In March, in a telephone message to The Sun, Hatfill complained that his very dedication to the cause of biological defense had brought him under suspicion. He said he had just been fired from his job at SAIC, the defense contractor, and blamed news media inquiries.

"I've been in this field for a number of years, working until 3 o'clock in the morning, trying to counter this type of weapon of mass destruction, and, sir, my career is over at this time," Hatfill said. "There was a lot of hysteria. A lot of us got polygraphed over this incident as part of the screening process."

However, SAIC officials said Hatfill was dismissed because his security clearance had been suspended by the Defense Department on Aug. 23, 2001, and had not been restored more than six months later. Company officials said they were not told the reason for the suspension. Press inquiries about Hatfill had nothing do to with his firing, they said.

A few other details of the FBI's scrutiny of Hatfill emerged yesterday. Investigators have learned that while in Rhodesia, Hatfill lived a few miles from a Greendale School, according to a report on ABC News, confirmed yesterday by a Rhodesian medical school classmate. The return address on some of the anthrax letters was "Greendale School" with a fictitious address in New Jersey.

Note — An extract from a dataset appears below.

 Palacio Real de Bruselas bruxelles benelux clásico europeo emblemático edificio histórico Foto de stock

The Associated Press reported that agents have searched a public storage facility Hatfill rented in Ocala, Fla. Hatfill's parents, Norman and Shirley Hatfill, own a thoroughbred farm in Ocala called Mekamy Oaks that he has occasionally listed as his address.

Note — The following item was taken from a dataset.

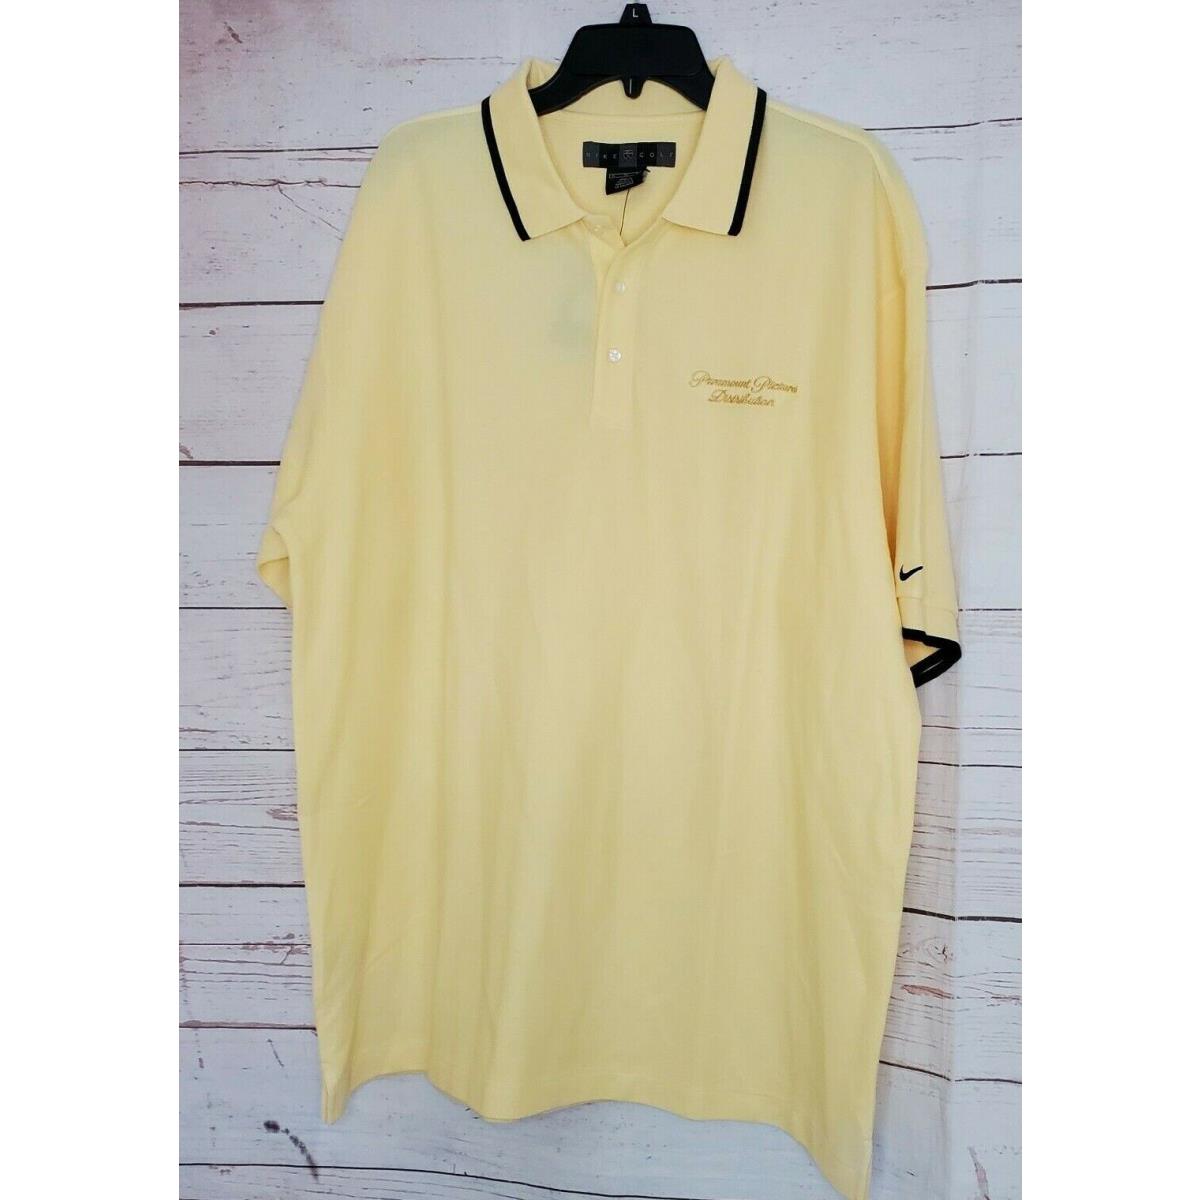 Paramount Pictures Distribution Custom Nike Golf XL Yellow Black Shirt

The current FBI and media scrutiny of Hatfill is only a more intense version of the attention that has bedeviled the Army's premier biological defense centers at Fort Detrick and Dugway Proving Ground in Utah. Scientists who have devoted their careers to protecting the country from a bioterrorist enemy have been angered and frustrated to suddenly be seen as possible enemies themselves.

"Everybody's under suspicion," said Gigi Kwik, a fellow at the John Hopkins Center for Civilian Biodefense Strategies who did post-doctoral research at Fort Detrick last year and has kept in touch with colleagues there. "It's a terrible atmosphere."

Work habits that ordinarily win bosses' praise have become suspect, as FBI agents check lab access records and ask which scientists worked late at night. "I routinely was there until midnight," Kwik says. "That was expected of me as a post-doc."

David R. Franz, commander of USAMRIID at Fort Detrick from 1995 to 1998, said he fears the suspicion that has focused on the biodefense research center may do it serious harm.

He noted that USAMRIID scientists worked long hours to test suspected anthrax powder last fall and have provided extensive technical assistance to the FBI. Yet dozens of the same workers are now being given polygraph tests, and the institute is repeatedly named in the news media as a possible source of the mailed anthrax.

"To see them dragged through the mud is what hurts me," Franz said.

Nonetheless, he says, it is critical that the FBI solve the case.

"It's so important for this nation that we find this person or persons and show that you don't do this to us," he said. "If we don't catch them, we'll be inviting others to try it again."